Un bárbaro es hoy algo poco más que una bestia. Bárbaros eran los godos, paradójicamente, los más civilizados de entre los bárbaros de su tiempo. Bárbaros fueron los hombres del norte, o vikingos. Bárbaros han sido las tribus y pueblos de las montañas, casi siempre. Bárbaros son, aún para mucha gente, ciertos pueblos africanos, cuando no sociedades enteras; tribus amazónicas que no han abrazado todavía la postmodernidad; bárbaros son casi todos los que practican un comportamiento que no acabamos de entender.

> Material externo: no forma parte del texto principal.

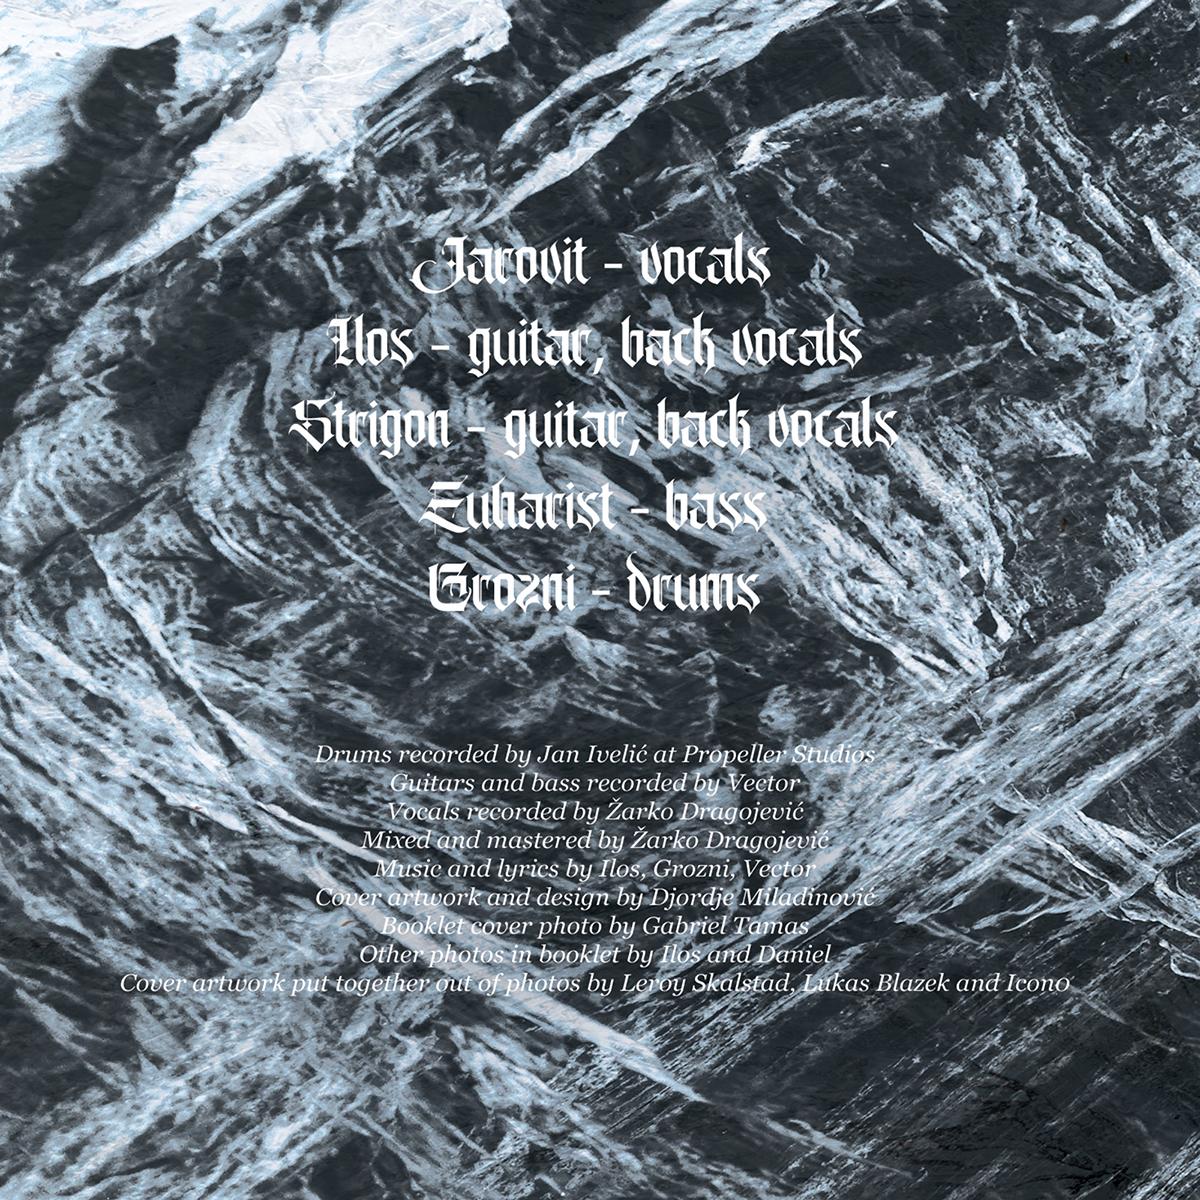 ZIMOGROZ - Old Mystic Lore

No quiero decir que siempre se yerre cuando se denomina bárbaro a algún individuo o grupo de estos. Bárbaros son los terroristas, bárbaros de la peor calaña. Bárbaros son también los radicales y ultras de cualquier signo; bárbaro es el imbécil que se salta las normas de circulación y toma las carreteras por su circuito de carreras particular. Hay muchos tipos de bárbaros en nuestra actualidad, como los hubo en la historia clásica; no era lo mismo ser sármata que ser de alguno de los muchos pueblos celtas; ni para ellos mismos, ni para el dominador romano. Pero no todo aquel al que llamamos bárbaro, acaba por ser un bárbaro, a veces es solo cuestión de perspectiva.

Y es que es un término amplio, quizá demasiado, porque lo mismo nos lo llamaba mi madre a mí y a mis hermanaos, «sois unos bárbaros», cuando nos liábamos a balonazos dentro de casa, que se utiliza en cualquier conversación o tertulia para calificar los actos de terroristas, locos y bestias de toda guisa y color. En esa amplitud de usos, sin embargo, conserva un sentido, no tan evidente, común a todas las vertientes de su polisemia natural. Es el sentido de la amenaza. Ya desde la antigüedad clásica, los bárbaros de las fronteras eran una amenaza constante. Hoy también lo son. Amenaza a una forma de vivir. A unas creencias o a una serie de normas que hacen que una sociedad funcione como tal. Mis hermanos y yo éramos una amenaza para las fotos, jarrones y cuadros de mi madre, la propia sociedad familiar; tanto o más a como lo son los extremistas islámicos, los fanáticos evangélicos o los autócratas estilo Putin, Orban o el camarada Xi para la supervivencia de nuestra civilización como especie.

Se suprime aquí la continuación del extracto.